■ **Material provided**
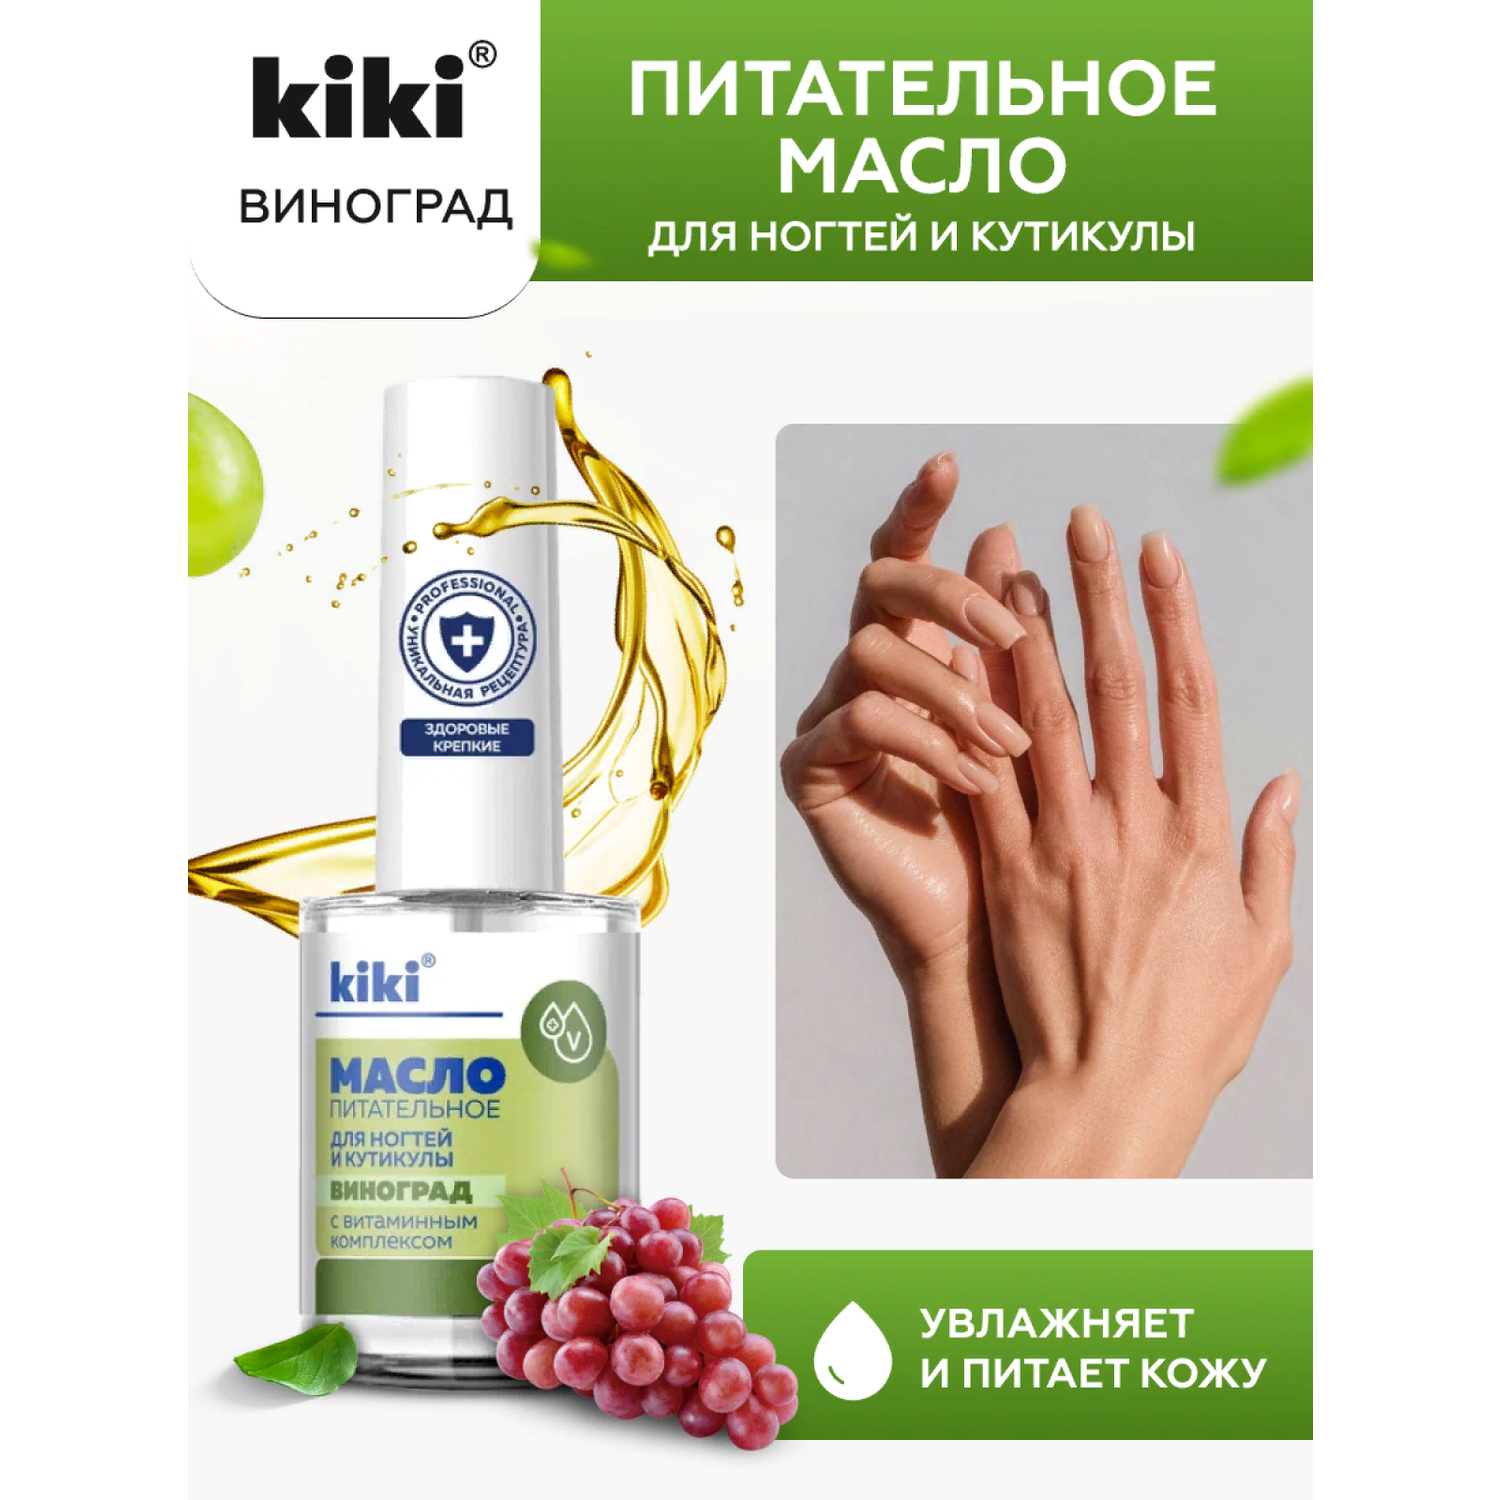 Масло для ногтей и кутикулы KIKI с маслом виноградной косточки и витаминным комплексом - фото 1
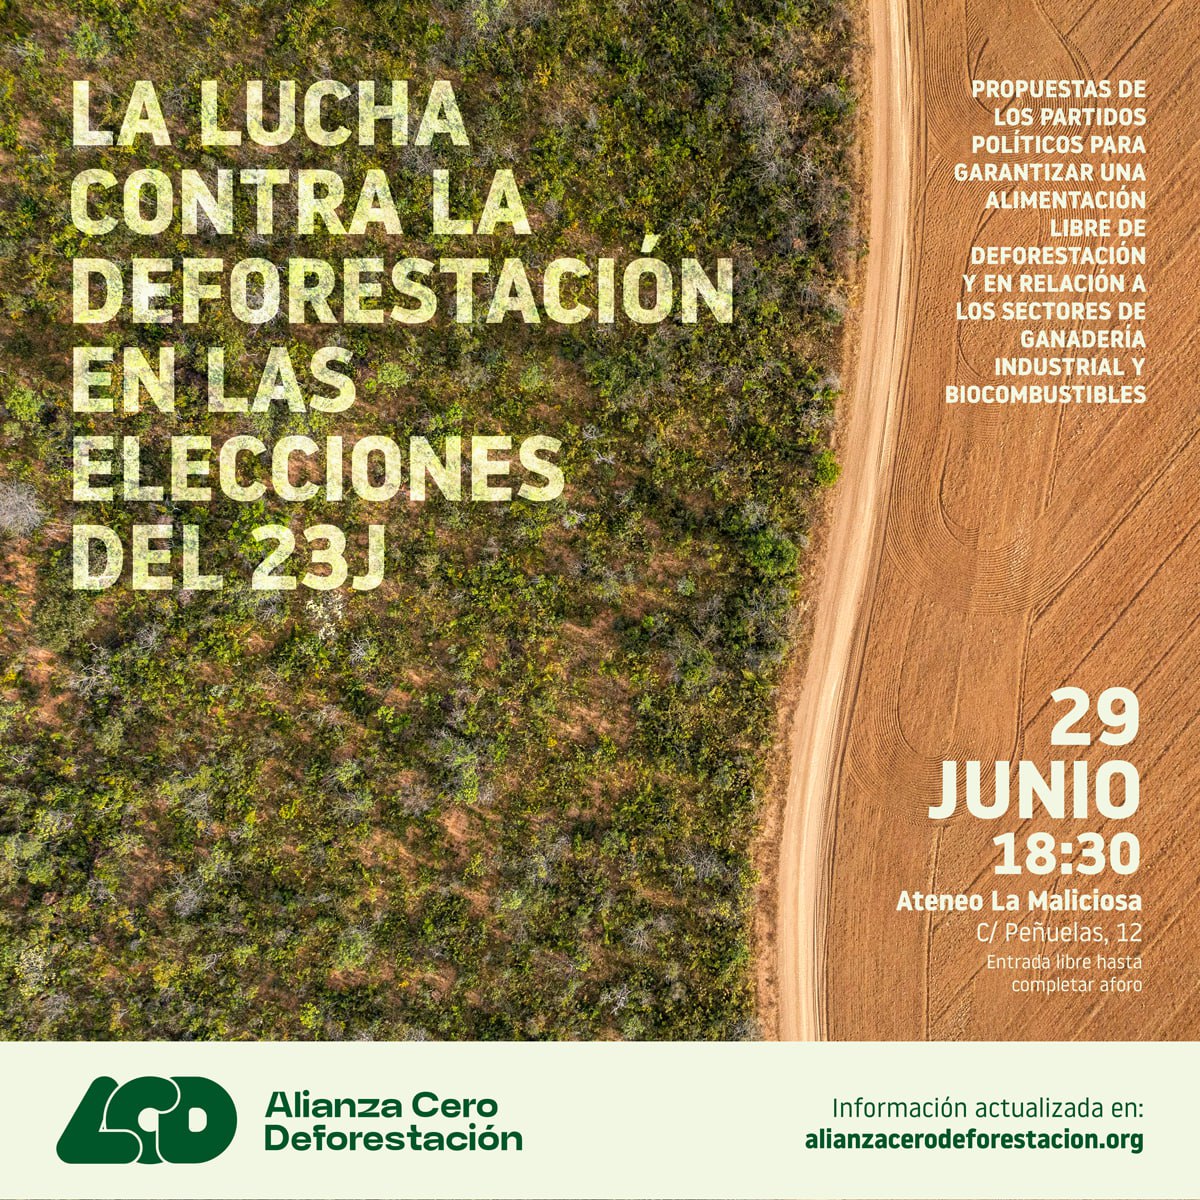 La lucha contra la deforestación en las elecciones del 23-J
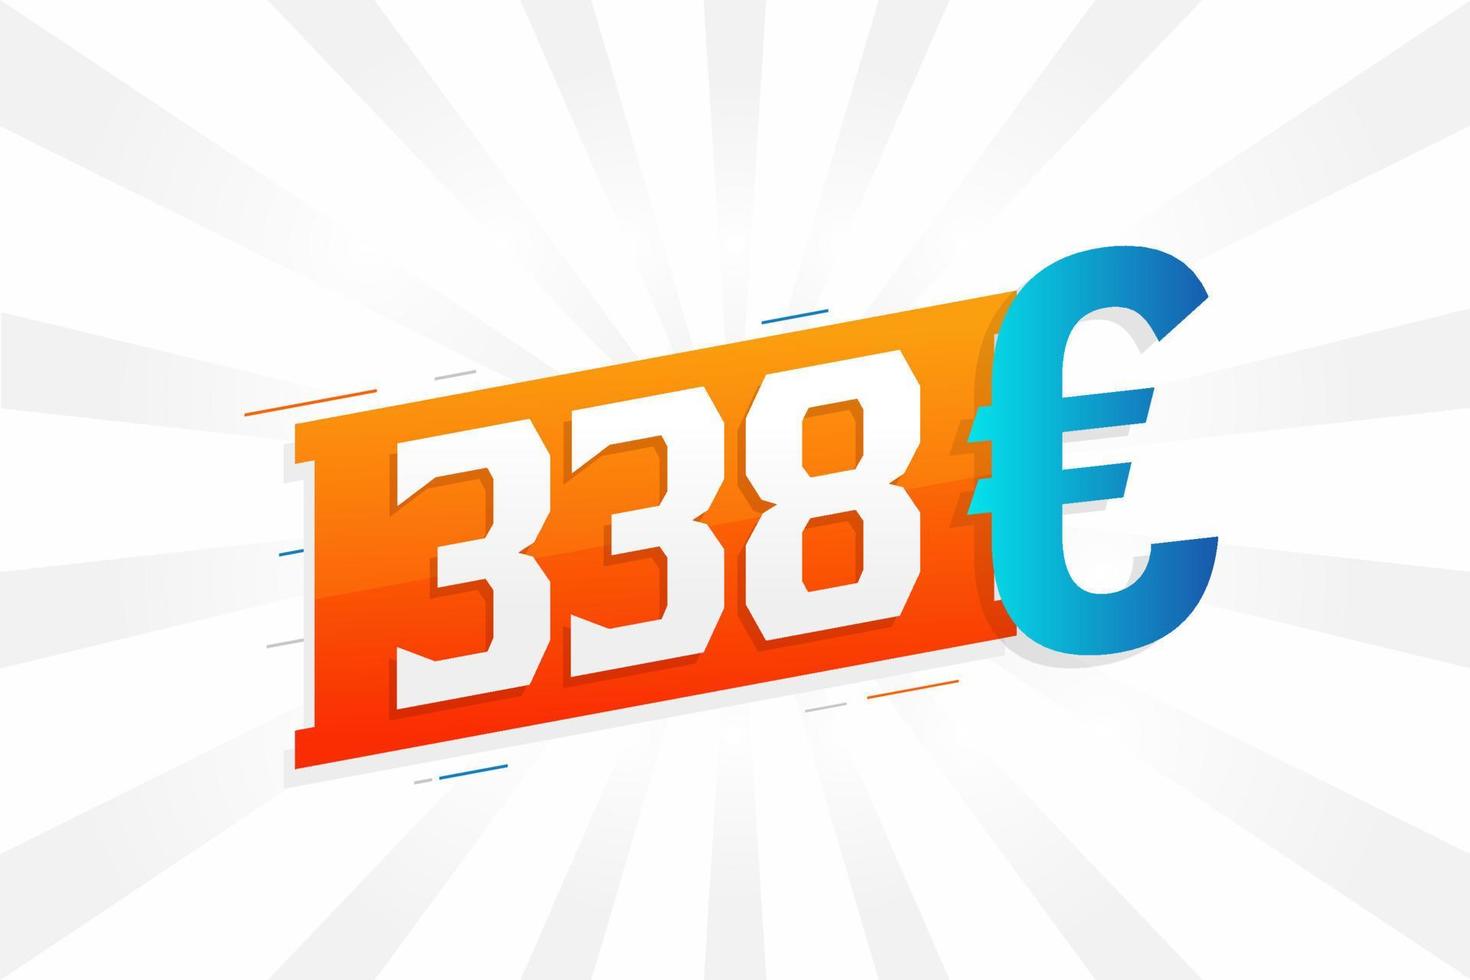 338 euro valuta vector tekst symbool. 338 euro Europese unie geld voorraad vector

■ **Task brief**
Copy the preceding data in full and word for word, dropping its pictures.

■ **Solution**
 Масло для ногтей и кутикулы KIKI с маслом виноградной косточки и витаминным комплексом - фото 1
 La lucha contra la deforestación en las elecciones del 23-J
 338 euro valuta vector tekst symbool. 338 euro Europese unie geld voorraad vector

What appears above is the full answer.